With that, he spun on his heel,
left the men, and stomped back toward his tent.

When he stepped inside, he found
Erry sitting on the cot, hugging Scraggles and muttering curses. She
raised damp eyes and glared at him. The mark of his hand still shone
red upon her cheek.

He approached her. She hissed
and tried to rise. He shoved her down, grabbed a fistful of her
hair, and forced her to look at him.

"Dearest little urchin,"
he said. "Poor, pathetic little wench. What do you know of
pain?"

She growled. "If you
strike me again, I will slay you."

He grabbed her arms and yanked
her to her feet. She stood before him, glaring up at him, her hair
tousled. Leresy caressed her bruised cheek.

"I promised that you will
be my southern mistress," he said. "I promised you a land
of wild grass, endless summer, and lazy days of sun and starry
nights. To the Abyss with that." He placed a finger under her
chin, kissed her forehead, and twisted his lips into a grin. "I
will make you the concubine of an emperor."

 
 
VALIEN

He stood upon the breakwater,
staring out into the sea, and remembered the day he met his wife.

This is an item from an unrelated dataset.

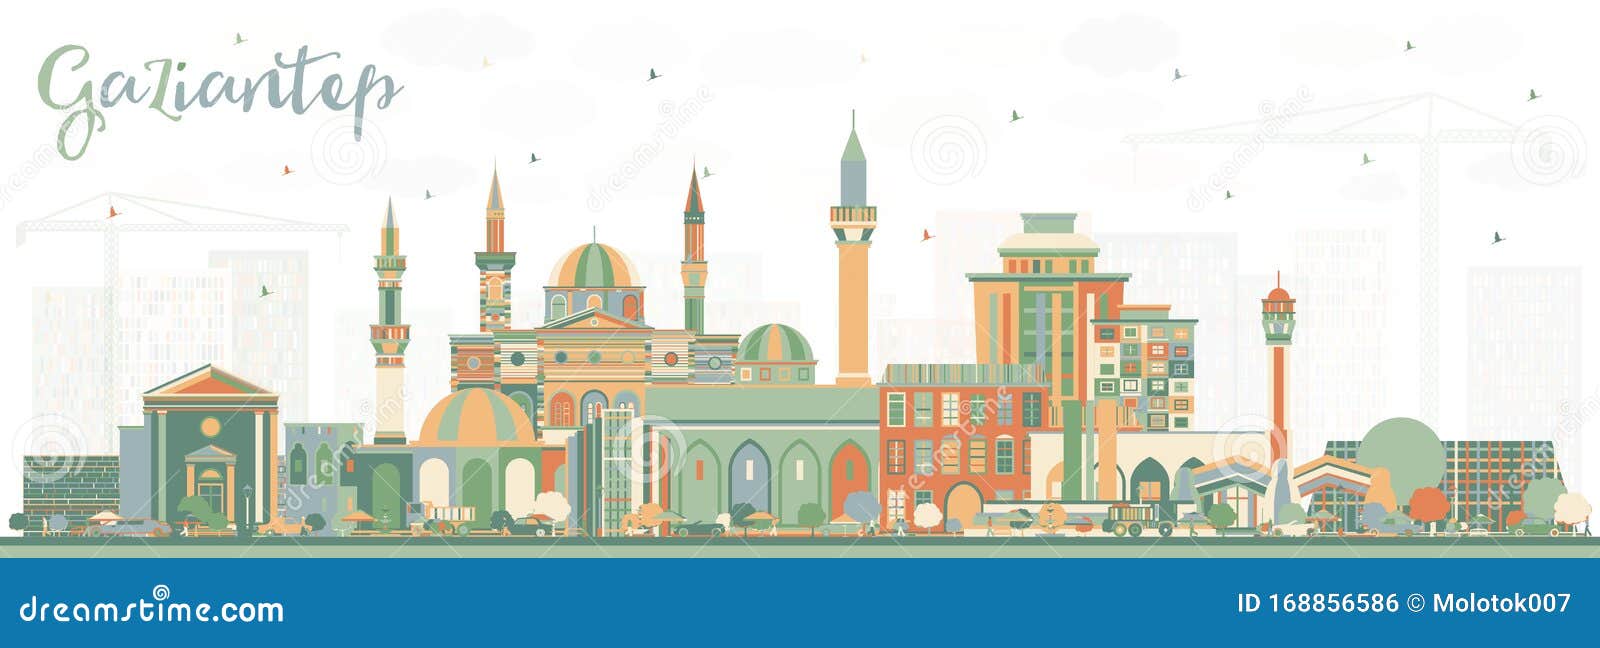 gaziantep turkey city skyline with color buildings

Boulders formed the breakwater,
their lower halves green with moss, their upper halves white with
gull droppings. The waves slammed against the stones, turning from
gray to blue and showering foam. The breakwater ended with a cairn,
and there rose Lynport's lighthouse, a tower of empty windows, craggy
bricks, and memories of better days.

Valien grumbled as he walked
across the slick boulders—this was easier when he was younger—and
placed his hand against the lighthouse. The old bricks were clammy
and mossy, but he remembered years ago when this tower was new, when
he had climbed its steps to view the sea and found her above.

The lighthouse doors had rotted
or burned years ago. Valien stepped through the archway and climbed
the stairs again, the first time he'd climbed them in twenty years.
Shattered clay jugs, an abandoned glass bottle, and an old shoe
littered the steps now. A feral cat hissed at him, bristled its fur,
then fled. But as Valien kept climbing, he barely saw the stairway's
current state. He saw himself a young man, twenty-one years old and
only knighted that summer, visiting fair Lynport to protect the sea.

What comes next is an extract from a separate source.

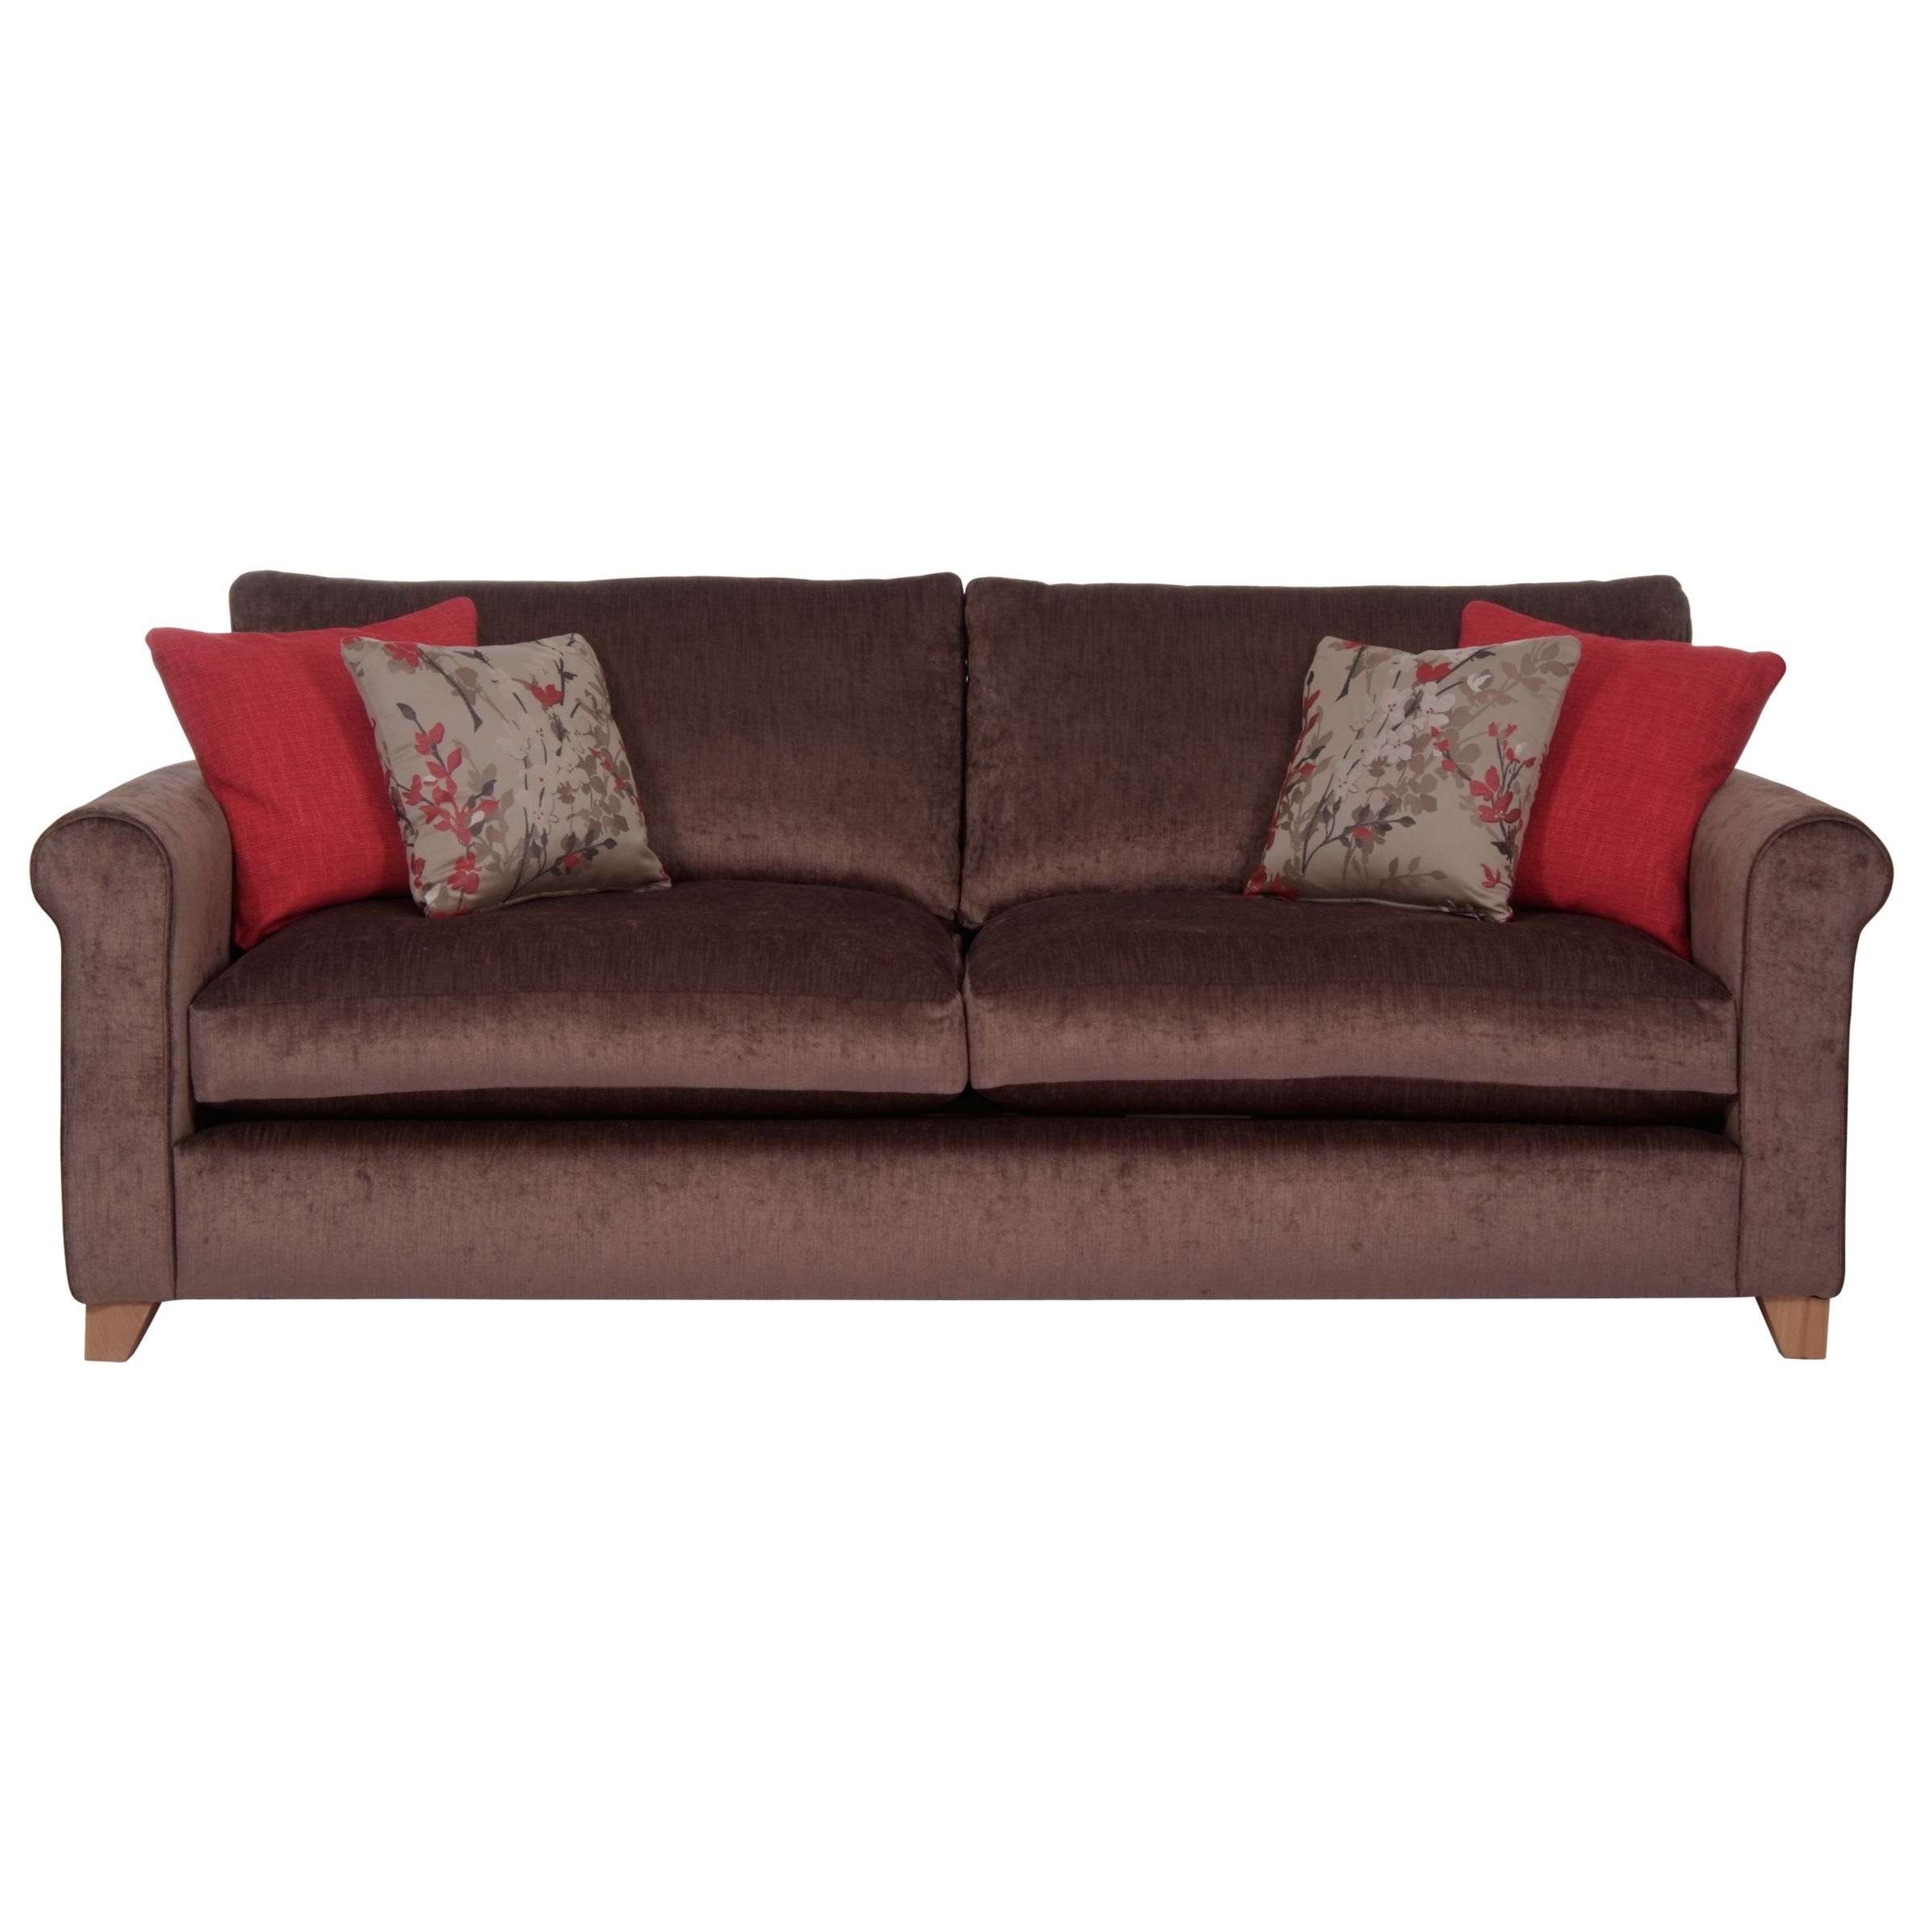 John Lewis Options Grand Sofa, Model 10, Lawrence Toffee at John Lewis

He reached the lighthouse top.
He stepped into a round chamber where no more fire burned. Today
this chamber was empty but for a discarded mattress, a cracked pipe
on a windowsill, and three kittens nestled in the corner. Outside
the windows, the sea stretched into the horizon, a gray sheet
splotched with patches of green and blue where the water was shallow.
But when Valien closed his eyes, he saw this chamber twenty years
ago. A great beacon had burned here then, the fire shimmering behind
glass panes, and upon the sea a dozen southern ships had sailed,
bringing their treasures into Requiem.

"And you were here,
Marilion," he whispered. "You shone brighter than all the
beacons in the world. You guided me home."

He could almost see her again at
the window, watching the sea. She had worn a white dress that day,
its hem stained with salt and sand, and her feet were bare, but
Valien had never seen a more beautiful woman. Her hair cascaded down
her back, the color of honey, and when she turned toward him she
smiled.

"Good morning, my lord,"
she said. "I'm sorry. I've come to watch the sea."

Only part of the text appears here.